* [Supplied records]:
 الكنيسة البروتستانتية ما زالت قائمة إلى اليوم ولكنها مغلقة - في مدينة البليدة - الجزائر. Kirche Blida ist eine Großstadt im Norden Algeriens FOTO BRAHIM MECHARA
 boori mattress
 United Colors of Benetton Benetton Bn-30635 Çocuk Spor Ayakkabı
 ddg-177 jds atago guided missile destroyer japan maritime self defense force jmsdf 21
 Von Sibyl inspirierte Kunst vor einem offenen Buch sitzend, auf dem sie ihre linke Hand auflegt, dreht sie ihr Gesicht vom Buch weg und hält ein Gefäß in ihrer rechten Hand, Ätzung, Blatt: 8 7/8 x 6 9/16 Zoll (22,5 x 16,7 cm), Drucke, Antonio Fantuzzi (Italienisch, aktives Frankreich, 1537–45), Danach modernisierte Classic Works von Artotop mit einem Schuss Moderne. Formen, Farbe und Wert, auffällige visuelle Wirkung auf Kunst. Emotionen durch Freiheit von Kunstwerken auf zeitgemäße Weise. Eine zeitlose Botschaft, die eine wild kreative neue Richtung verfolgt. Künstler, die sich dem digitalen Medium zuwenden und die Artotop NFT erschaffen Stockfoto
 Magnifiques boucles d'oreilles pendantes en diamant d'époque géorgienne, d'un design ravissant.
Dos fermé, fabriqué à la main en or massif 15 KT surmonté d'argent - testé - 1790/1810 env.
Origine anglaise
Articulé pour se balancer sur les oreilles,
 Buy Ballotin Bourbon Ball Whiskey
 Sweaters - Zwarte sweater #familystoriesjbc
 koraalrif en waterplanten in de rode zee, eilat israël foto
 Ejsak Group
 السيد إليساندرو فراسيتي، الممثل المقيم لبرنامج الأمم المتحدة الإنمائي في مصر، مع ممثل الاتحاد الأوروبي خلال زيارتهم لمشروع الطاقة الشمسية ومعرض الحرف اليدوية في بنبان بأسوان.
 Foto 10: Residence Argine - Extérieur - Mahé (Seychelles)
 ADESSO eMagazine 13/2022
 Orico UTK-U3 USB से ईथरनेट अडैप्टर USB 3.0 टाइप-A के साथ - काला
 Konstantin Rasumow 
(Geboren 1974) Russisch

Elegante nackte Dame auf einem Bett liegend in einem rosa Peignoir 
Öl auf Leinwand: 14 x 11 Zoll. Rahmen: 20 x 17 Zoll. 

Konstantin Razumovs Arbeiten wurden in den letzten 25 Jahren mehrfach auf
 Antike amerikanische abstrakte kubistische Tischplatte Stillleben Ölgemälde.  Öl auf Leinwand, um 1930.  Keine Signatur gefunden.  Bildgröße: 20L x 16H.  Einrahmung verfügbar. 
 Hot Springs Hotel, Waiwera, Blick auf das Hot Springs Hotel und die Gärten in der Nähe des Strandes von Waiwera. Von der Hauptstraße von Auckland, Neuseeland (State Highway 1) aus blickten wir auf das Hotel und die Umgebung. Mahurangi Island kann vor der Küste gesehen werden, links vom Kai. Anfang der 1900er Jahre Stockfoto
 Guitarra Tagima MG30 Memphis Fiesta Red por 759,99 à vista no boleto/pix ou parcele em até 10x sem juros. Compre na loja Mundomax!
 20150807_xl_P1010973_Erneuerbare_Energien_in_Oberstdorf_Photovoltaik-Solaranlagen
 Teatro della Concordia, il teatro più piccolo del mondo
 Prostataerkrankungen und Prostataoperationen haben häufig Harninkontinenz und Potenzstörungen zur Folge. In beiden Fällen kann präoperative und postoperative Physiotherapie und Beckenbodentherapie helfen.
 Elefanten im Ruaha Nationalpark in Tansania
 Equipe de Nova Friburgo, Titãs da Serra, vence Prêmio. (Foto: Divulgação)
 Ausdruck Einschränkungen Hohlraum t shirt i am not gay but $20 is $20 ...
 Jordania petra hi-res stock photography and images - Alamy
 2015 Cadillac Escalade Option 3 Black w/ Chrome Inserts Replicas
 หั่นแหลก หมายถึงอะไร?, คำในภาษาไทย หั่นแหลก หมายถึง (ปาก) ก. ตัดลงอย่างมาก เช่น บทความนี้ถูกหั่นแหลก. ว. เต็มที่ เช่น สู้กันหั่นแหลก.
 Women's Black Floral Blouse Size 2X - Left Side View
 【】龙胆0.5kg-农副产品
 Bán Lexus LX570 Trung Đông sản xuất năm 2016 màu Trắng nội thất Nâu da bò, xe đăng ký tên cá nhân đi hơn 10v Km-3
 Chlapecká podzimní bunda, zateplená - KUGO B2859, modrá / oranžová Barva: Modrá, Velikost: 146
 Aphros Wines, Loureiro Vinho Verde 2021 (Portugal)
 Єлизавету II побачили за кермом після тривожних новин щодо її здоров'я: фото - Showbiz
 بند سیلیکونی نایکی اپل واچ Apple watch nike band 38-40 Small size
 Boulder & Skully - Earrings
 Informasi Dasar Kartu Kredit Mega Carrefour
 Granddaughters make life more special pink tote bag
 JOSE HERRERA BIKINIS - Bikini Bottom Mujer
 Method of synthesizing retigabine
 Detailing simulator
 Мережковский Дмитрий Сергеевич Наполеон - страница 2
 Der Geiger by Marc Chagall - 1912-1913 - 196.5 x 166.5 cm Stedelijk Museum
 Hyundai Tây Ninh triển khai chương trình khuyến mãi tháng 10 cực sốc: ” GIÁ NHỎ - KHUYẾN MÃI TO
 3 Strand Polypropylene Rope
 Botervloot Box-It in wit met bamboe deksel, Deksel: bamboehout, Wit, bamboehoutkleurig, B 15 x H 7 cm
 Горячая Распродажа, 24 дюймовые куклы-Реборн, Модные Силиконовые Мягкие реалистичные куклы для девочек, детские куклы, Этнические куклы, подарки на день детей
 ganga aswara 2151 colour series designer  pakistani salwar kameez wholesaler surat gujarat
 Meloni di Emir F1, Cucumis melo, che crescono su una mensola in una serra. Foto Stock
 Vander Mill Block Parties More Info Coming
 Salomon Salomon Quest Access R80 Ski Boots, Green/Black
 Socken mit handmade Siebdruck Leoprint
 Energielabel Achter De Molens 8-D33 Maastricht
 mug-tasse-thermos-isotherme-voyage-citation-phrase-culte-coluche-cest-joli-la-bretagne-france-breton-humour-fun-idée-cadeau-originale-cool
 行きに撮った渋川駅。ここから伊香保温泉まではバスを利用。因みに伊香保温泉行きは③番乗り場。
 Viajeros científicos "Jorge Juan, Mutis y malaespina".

* [Your instructions]:
Every single record must be transcribed exactly as it stands.

* [Answer box]:
 الكنيسة البروتستانتية ما زالت قائمة إلى اليوم ولكنها مغلقة - في مدينة البليدة - الجزائر. Kirche Blida ist eine Großstadt im Norden Algeriens FOTO BRAHIM MECHARA
 boori mattress
 United Colors of Benetton Benetton Bn-30635 Çocuk Spor Ayakkabı
 ddg-177 jds atago guided missile destroyer japan maritime self defense force jmsdf 21
 Von Sibyl inspirierte Kunst vor einem offenen Buch sitzend, auf dem sie ihre linke Hand auflegt, dreht sie ihr Gesicht vom Buch weg und hält ein Gefäß in ihrer rechten Hand, Ätzung, Blatt: 8 7/8 x 6 9/16 Zoll (22,5 x 16,7 cm), Drucke, Antonio Fantuzzi (Italienisch, aktives Frankreich, 1537–45), Danach modernisierte Classic Works von Artotop mit einem Schuss Moderne. Formen, Farbe und Wert, auffällige visuelle Wirkung auf Kunst. Emotionen durch Freiheit von Kunstwerken auf zeitgemäße Weise. Eine zeitlose Botschaft, die eine wild kreative neue Richtung verfolgt. Künstler, die sich dem digitalen Medium zuwenden und die Artotop NFT erschaffen Stockfoto
 Magnifiques boucles d'oreilles pendantes en diamant d'époque géorgienne, d'un design ravissant.
Dos fermé, fabriqué à la main en or massif 15 KT surmonté d'argent - testé - 1790/1810 env.
Origine anglaise
Articulé pour se balancer sur les oreilles,
 Buy Ballotin Bourbon Ball Whiskey
 Sweaters - Zwarte sweater #familystoriesjbc
 koraalrif en waterplanten in de rode zee, eilat israël foto
 Ejsak Group
 السيد إليساندرو فراسيتي، الممثل المقيم لبرنامج الأمم المتحدة الإنمائي في مصر، مع ممثل الاتحاد الأوروبي خلال زيارتهم لمشروع الطاقة الشمسية ومعرض الحرف اليدوية في بنبان بأسوان.
 Foto 10: Residence Argine - Extérieur - Mahé (Seychelles)
 ADESSO eMagazine 13/2022
 Orico UTK-U3 USB से ईथरनेट अडैप्टर USB 3.0 टाइप-A के साथ - काला
 Konstantin Rasumow 
(Geboren 1974) Russisch

Elegante nackte Dame auf einem Bett liegend in einem rosa Peignoir 
Öl auf Leinwand: 14 x 11 Zoll. Rahmen: 20 x 17 Zoll. 

Konstantin Razumovs Arbeiten wurden in den letzten 25 Jahren mehrfach auf
 Antike amerikanische abstrakte kubistische Tischplatte Stillleben Ölgemälde.  Öl auf Leinwand, um 1930.  Keine Signatur gefunden.  Bildgröße: 20L x 16H.  Einrahmung verfügbar. 
 Hot Springs Hotel, Waiwera, Blick auf das Hot Springs Hotel und die Gärten in der Nähe des Strandes von Waiwera. Von der Hauptstraße von Auckland, Neuseeland (State Highway 1) aus blickten wir auf das Hotel und die Umgebung. Mahurangi Island kann vor der Küste gesehen werden, links vom Kai. Anfang der 1900er Jahre Stockfoto
 Guitarra Tagima MG30 Memphis Fiesta Red por 759,99 à vista no boleto/pix ou parcele em até 10x sem juros. Compre na loja Mundomax!
 20150807_xl_P1010973_Erneuerbare_Energien_in_Oberstdorf_Photovoltaik-Solaranlagen
 Teatro della Concordia, il teatro più piccolo del mondo
 Prostataerkrankungen und Prostataoperationen haben häufig Harninkontinenz und Potenzstörungen zur Folge. In beiden Fällen kann präoperative und postoperative Physiotherapie und Beckenbodentherapie helfen.
 Elefanten im Ruaha Nationalpark in Tansania
 Equipe de Nova Friburgo, Titãs da Serra, vence Prêmio. (Foto: Divulgação)
 Ausdruck Einschränkungen Hohlraum t shirt i am not gay but $20 is $20 ...
 Jordania petra hi-res stock photography and images - Alamy
 2015 Cadillac Escalade Option 3 Black w/ Chrome Inserts Replicas
 หั่นแหลก หมายถึงอะไร?, คำในภาษาไทย หั่นแหลก หมายถึง (ปาก) ก. ตัดลงอย่างมาก เช่น บทความนี้ถูกหั่นแหลก. ว. เต็มที่ เช่น สู้กันหั่นแหลก.
 Women's Black Floral Blouse Size 2X - Left Side View
 【】龙胆0.5kg-农副产品
 Bán Lexus LX570 Trung Đông sản xuất năm 2016 màu Trắng nội thất Nâu da bò, xe đăng ký tên cá nhân đi hơn 10v Km-3
 Chlapecká podzimní bunda, zateplená - KUGO B2859, modrá / oranžová Barva: Modrá, Velikost: 146
 Aphros Wines, Loureiro Vinho Verde 2021 (Portugal)
 Єлизавету II побачили за кермом після тривожних новин щодо її здоров'я: фото - Showbiz
 بند سیلیکونی نایکی اپل واچ Apple watch nike band 38-40 Small size
 Boulder & Skully - Earrings
 Informasi Dasar Kartu Kredit Mega Carrefour
 Granddaughters make life more special pink tote bag
 JOSE HERRERA BIKINIS - Bikini Bottom Mujer
 Method of synthesizing retigabine
 Detailing simulator
 Мережковский Дмитрий Сергеевич Наполеон - страница 2
 Der Geiger by Marc Chagall - 1912-1913 - 196.5 x 166.5 cm Stedelijk Museum
 Hyundai Tây Ninh triển khai chương trình khuyến mãi tháng 10 cực sốc: ” GIÁ NHỎ - KHUYẾN MÃI TO
 3 Strand Polypropylene Rope
 Botervloot Box-It in wit met bamboe deksel, Deksel: bamboehout, Wit, bamboehoutkleurig, B 15 x H 7 cm
 Горячая Распродажа, 24 дюймовые куклы-Реборн, Модные Силиконовые Мягкие реалистичные куклы для девочек, детские куклы, Этнические куклы, подарки на день детей
 ganga aswara 2151 colour series designer  pakistani salwar kameez wholesaler surat gujarat
 Meloni di Emir F1, Cucumis melo, che crescono su una mensola in una serra. Foto Stock
 Vander Mill Block Parties More Info Coming
 Salomon Salomon Quest Access R80 Ski Boots, Green/Black
 Socken mit handmade Siebdruck Leoprint
 Energielabel Achter De Molens 8-D33 Maastricht
 mug-tasse-thermos-isotherme-voyage-citation-phrase-culte-coluche-cest-joli-la-bretagne-france-breton-humour-fun-idée-cadeau-originale-cool
 行きに撮った渋川駅。ここから伊香保温泉まではバスを利用。因みに伊香保温泉行きは③番乗り場。
 Viajeros científicos "Jorge Juan, Mutis y malaespina".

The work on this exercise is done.